I'd have loved keyboard support for NCAA 2002 - entering in every NCAA football teams' players' names with a controller was arduous.


----------



## Couriant

JEBWrench said:


> I believe you can also get a USB headset.


lol DOH! I have one of those! lol


----------



## justfei

so besides a a multitap, headset, mouse and a keyboard theres not much other stuff to connect to?

is it possible to link two ps2s together to play a 2 player game, instead of like split screen?


----------



## Couriant

The links are through the network cards now, unlike the PS which had it's own link ports.

The only other thing not mentioned is the USB Eye Toy.

And the Multitap is through the controller ports.


----------



## acameron

USB External Hard Drive.....never used one but I saw them for sale at EB.


----------



## justfei

acameron said:


> USB External Hard Drive.....never used one but I saw them for sale at EB.

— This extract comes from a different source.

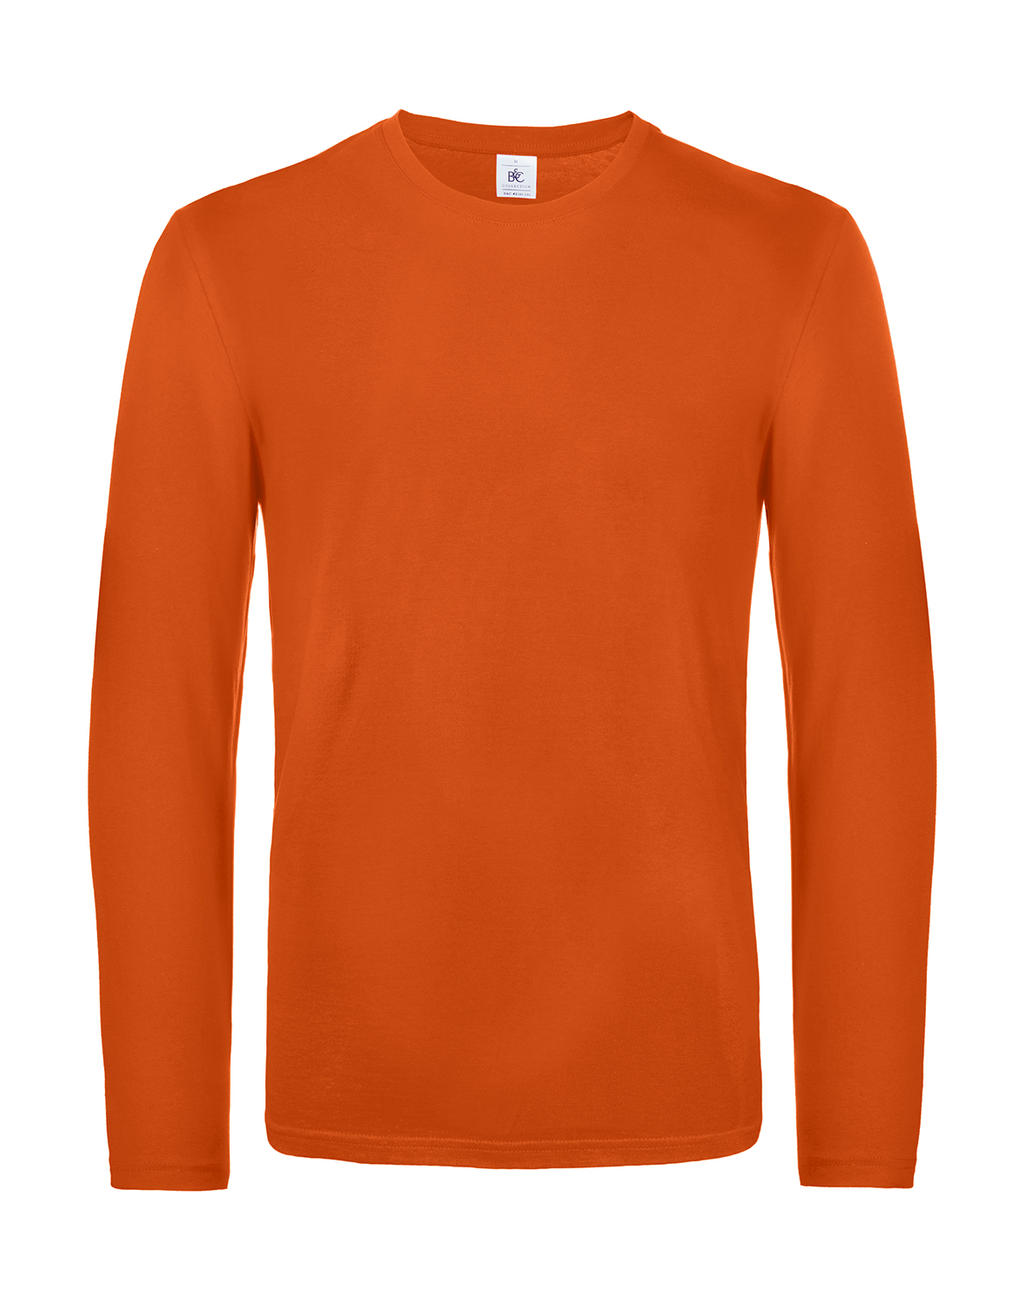  #E190 LSL in Farbe Urban Orange

are you serious? omg i wanna get one.

where can i find more information about this? i checked the sony website and google but cant seem to get anywhere.

thanks!


----------



## justfei

oh another quick question. in what instance would the infrared port come in handy? thanks!


----------



## kryptonite1055

my roomate has a PS2 and has his flash drive (512mb) hooked up and it using that to save maps and what ever for SOCOM


----------



## Couriant

justfei said:


> oh another quick question. in what instance would the infrared port come in handy? thanks!


it has one?


----------



## Scorpion

My PS2 (gathering dust for 2 years...lol) has an infra red module that plugs into a controller port for the remote so I can use it as a DVD player. 

Scorp.


----------



## justfei

Couriant said:


> it has one?


i dont think the old model has one (but you can get an external one to plug in). the new slimmer ps2 has one, its right under the power button.

: )


----------



## chuck5

JEBWrench said:


> I'd have loved keyboard support for NCAA 2002 - entering in every NCAA football teams' players' names with a controller was arduous.


from what i know, i dont think that keyboards attached to ps2s worked like those attached to PCs. attaching a keyboard to a ps2 allowed you to assign the buttons (X O Square Triangle L1 L2 R1 R2 etc) to the keyboard, but not introduce any new buttons/keys.

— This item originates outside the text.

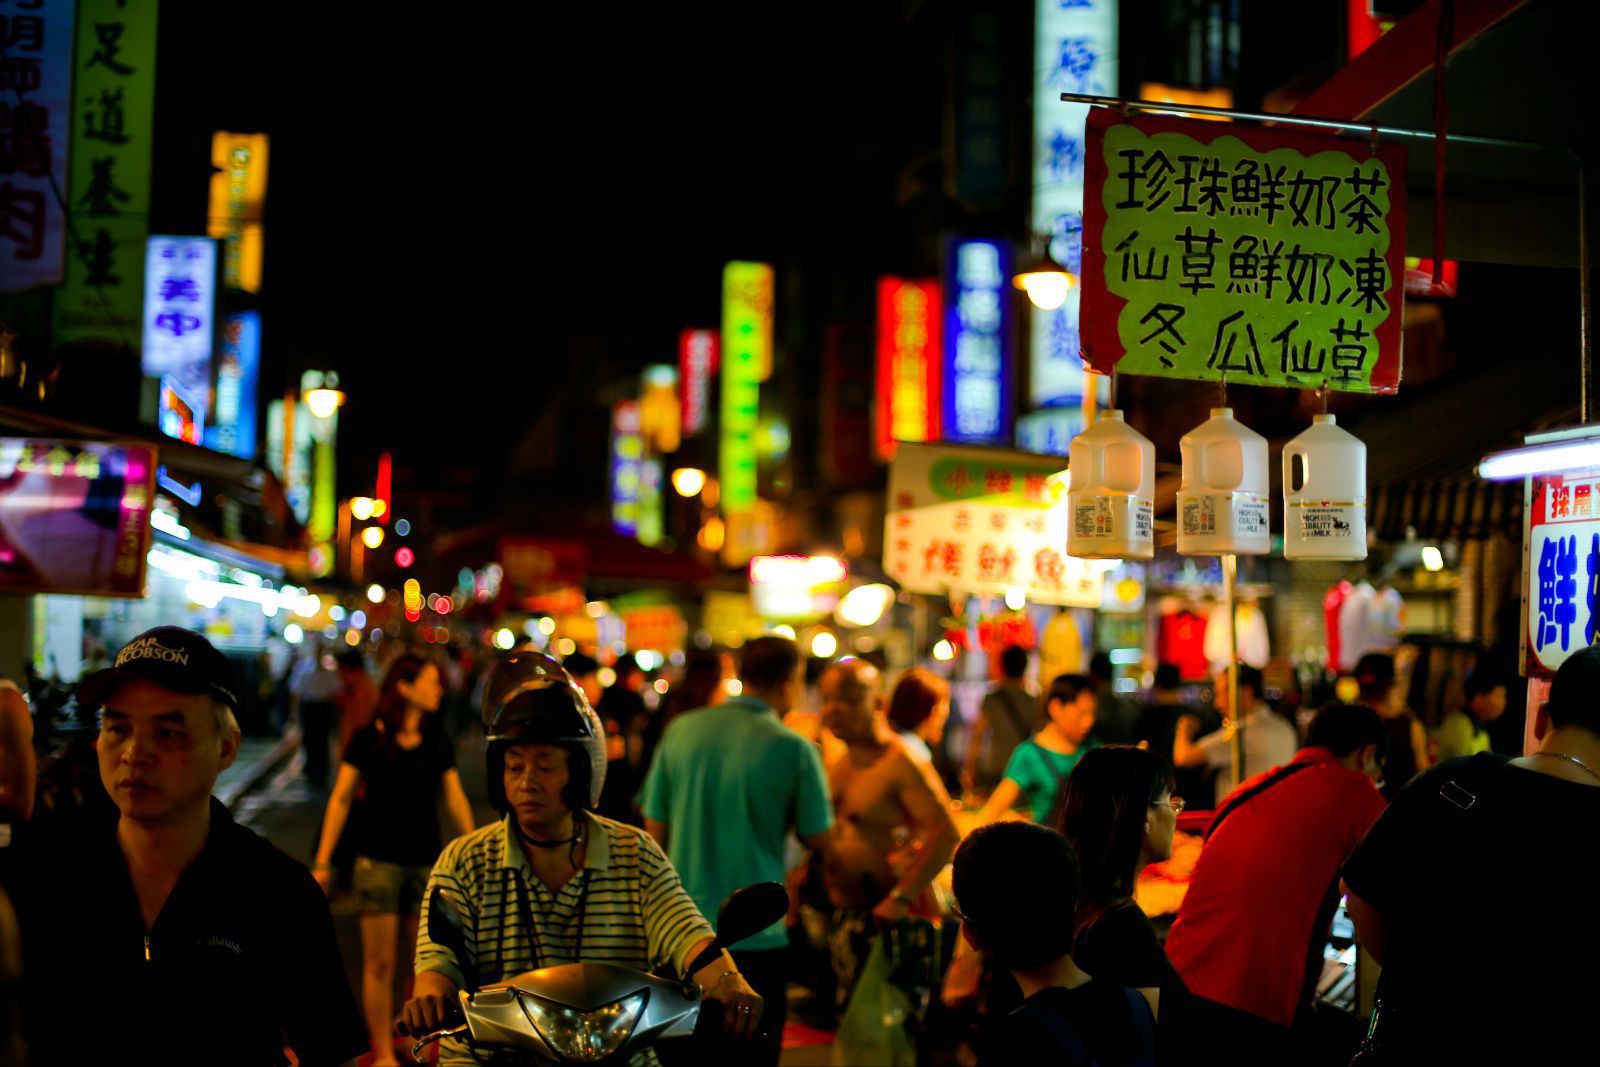 其实华西街夜市只是一个大的统称,还包括旁边广州街和桂林路的小店

same idea with the mouse on a ps2 - you were still limited to what the system understood as useable commands, since the system still thought you were using a controller. so using a mouse for a FPS was better for sure, but since the game was programmed for a gamepad, there was still limitations to your freedom of movements.

this is all based on a review for a mouse/keyboard adaptor i read recently. maybe there are better solutions out there, but i highly doubt it.


----------



## Couriant

justfei said:


> i dont think the old model has one (but you can get an external one to plug in). the new slimmer ps2 has one, its right under the power button.
> 
> : )


Oh I think you mean for the remote control?


----------



## justfei

Couriant said:


> Oh I think you mean for the remote control?


ohh heheh right! forgot bout that!


----------



## AZPC

PS2 CAM goes there too


----------



## Jermainethepain

How to you use a flash memory stick on the Playstation 2? Do you just hook it up? Or do you have to format the flash memory stick?


----------



## PCG342

bigk said:


> No way! You can use a keyboard and mouse for all games?
> 
> Bigk


Not all; check the back of the case [where it lists max players, etc.] and you'll see "Keyboard/Mouse support."


----------



## bigk

PCG342 said:


> Not all; check the back of the case [where it lists max players, etc.] and you'll see "Keyboard/Mouse support."


Cool, thank you.

Bigk


----------



## Whiteninja89

Jermainethepain said:


> How to you use a flash memory stick on the Playstation 2? Do you just hook it up? Or do you have to format the flash memory stick?


You can use flash memory sticks along with cheat devices (in my case, a codebreaker) to transfer saves from the memory card to the flash. No more wasting money on memory cards or worrying about saves being deleted. Can also use saves downloaded on the net.
Depending on the sizes of saves I think you can fit thousands of saves on a stick (and even more on your pc.)


----------



## YoRone22

justfei said:


> are you serious? omg i wanna get one.
> 
> where can i find more information about this? i checked the sony website and google but cant seem to get anywhere.
> 
> thanks!


The hard drive was only used by one game which was Final Fantasy XI. I don't even think they make them anymore, and it really wasn't external. It went in the back of the PS2 where the expansion bay is.


----------



## justfei

is it possible to store movies on the hard drive and play them on the ps2?


----------



## Couriant

nope.

and if you could, it would not be legal


----------



## Ziggy1

Whiteninja89 said:


> You can use flash memory sticks along with cheat devices (in my case, a codebreaker) to transfer saves from the memory card to the flash. No more wasting money on memory cards or worrying about saves being deleted. Can also use saves downloaded on the net.
> Depending on the sizes of saves I think you can fit thousands of saves on a stick (and even more on your pc.)


I never thought to try a memory stick in the USB port, does it recognize it automatically like XP would on a PC? I'll try it anyways when I get home,


----------



## Ziggy1

I did some searching and it is not likely that just any USB stick will work, you will need one that is made to work with the PS2 or load one with software to make it work. Below are some interesting links for Hard drives and USB memory

http://www.findarticles.com/p/articles/mi_zd1up/is_200404/ai_ziff124732

http://ps2drives.x-pec.com/?p=list

http://www.modchipstore.com/PlayStation-2-Hard-Drives--Combos-1-260.html


----------